Since I’ve told you this much about the experiment, I suppose I owe you a summary of the results. When I glimpsed her breasts, my pulse quickened, and I felt my face flush. A few minutes later, I must’ve made a sound from my bed, because Sophie called out, “Is everything okay?”
Everything was.
TWO WEEKS LATER…
FUNNY HOW THE mind works.
You get a visit at your office from a guy like Roy who knows about your past. He makes some claims about your husband having a fixation on a fifteen-year-old girl, and even though you know it doesn’t make sense, he’s created a wedge of doubt because he’s right about you being The Little Girl Who Got Away.
Then you get a hinky call from
ManChild
, the killer-rapist you’ve been trying to track down, but that sort of call doesn’t fit his profile. Then your very healthy husband dies, after complaining about being “sick as a dog” for several days, and all this evidence turns up, complete with a dead girl’s panties and Ben’s fingerprints.

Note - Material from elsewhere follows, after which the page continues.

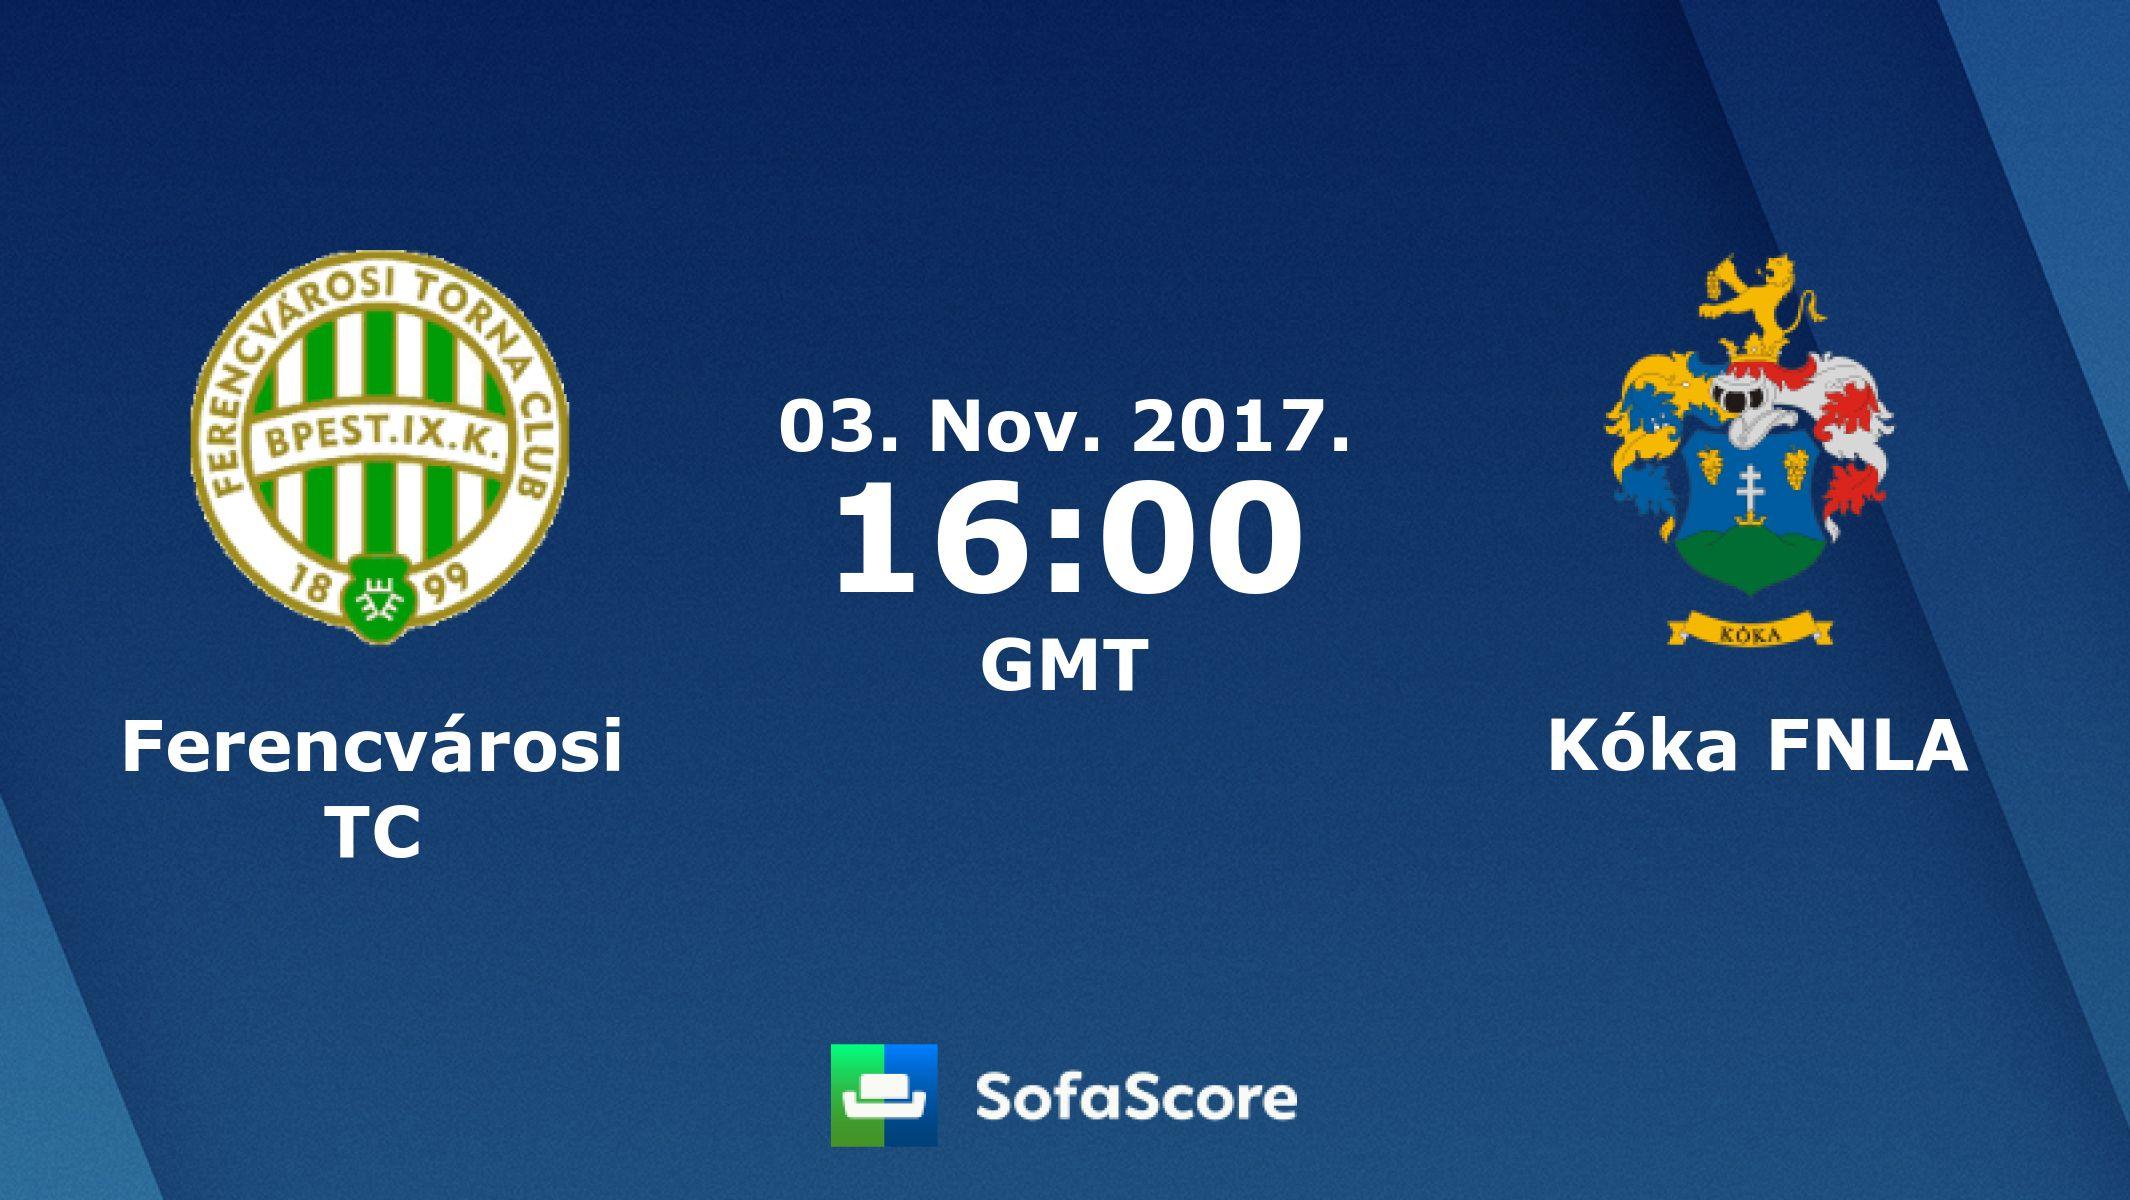 FNLA Logo - Ferencvárosi TC Kóka FNLA live score, video stream and H2H results

Everyone’s rushing to judgment, including you, because the cops and Feds are convinced, and that’s what they do for a living.
So you accept the fact you’ve been living with a killer-rapist and you’re glad you never had his children. Not that you can have children in the first place. But you’re happy to get it all behind you and move on with your life. After all, you’ve got a budding relationship with a wonderful lady with whom you’re falling in love. It would be so easy to buy the official explanations, and trust the evidence.
But what if Ben didn’t do it?
If he didn’t do it, shouldn’t his name be cleared? Doesn’t his son have the right to know if his father was a decent man?
I’ve never been comfortable accepting the fact I was living with a child rapist and killer. I know the family is always the last to believe their son, husband, or father was a killer, and that’s a good thing. But somewhere in all those assumptions and accusations, somewhere among all the evidence and fingerprints—the cops failed to ask me the simplest question. It’s the first question the police always ask on TV, the thing everyone in America knows you need when you’re accused of a crime.
An alibi.
No one ever asked if Ben had an alibi the night Jaqui Moreland went missing.
I’m sure I could call the police today, and they’d have a half-dozen witnesses who saw Ben in the area where Jaqui’s body was found. But if that’s true, it only proves how far the police are willing to go to perpetuate a fraud.